In one, Burger King settled the claim of a worker who refused the employee dress code because her Pentecostal beliefs require her to wear dresses or skirts. The fast food chain agreed to go through corporate training on workplace accommodation of religious beliefs and to pay the plaintiff $25,000. You can read the consent decree here (pdf).
In the other, a judge dismissed an EEOC complaint (pdf) on behalf of a Rent-A-Center employee whose religious beliefs prohibited him from working on Saturdays. The court found the company had demonstrated an “undue hardship” in accommodating those beliefs.

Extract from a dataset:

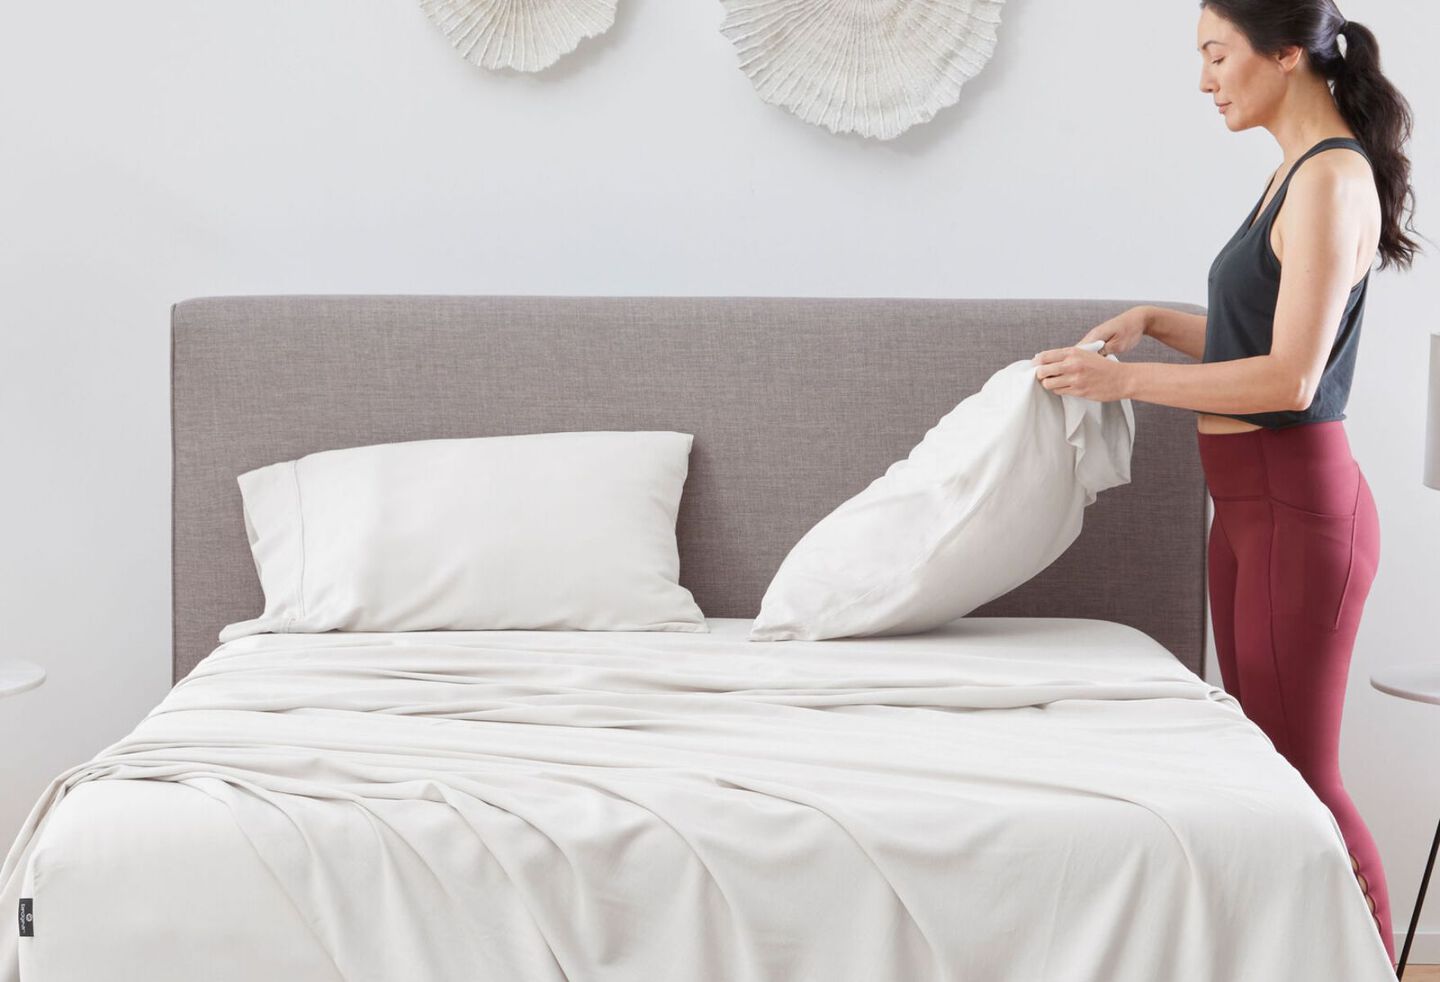 Woman putting a pillow in a pillowcase onto a bed with white sheets

The Court will not require RAC to undertake the accommodation. Leaving the store without a Store Manager on Saturdays would cause an “undue hardship” to RAC by “impair[ing] [critical] functions”—it would deprive the store of the significant supervisory, managerial, customer-care and other functions that RAC Store Managers are charged with at the very time when these functions are most needed. Because of the importance of the position, the centrality of Saturdays in RAC’s weekly cycle, and of RAC’s scheduling policy reflects these two facts by requiring all Store Managers to work on Saturdays, this Court is satisfied that the evidence shows that leaving the position blank on Saturdays imposes “more than a de minimis cost” on the conduct of RAC’s business.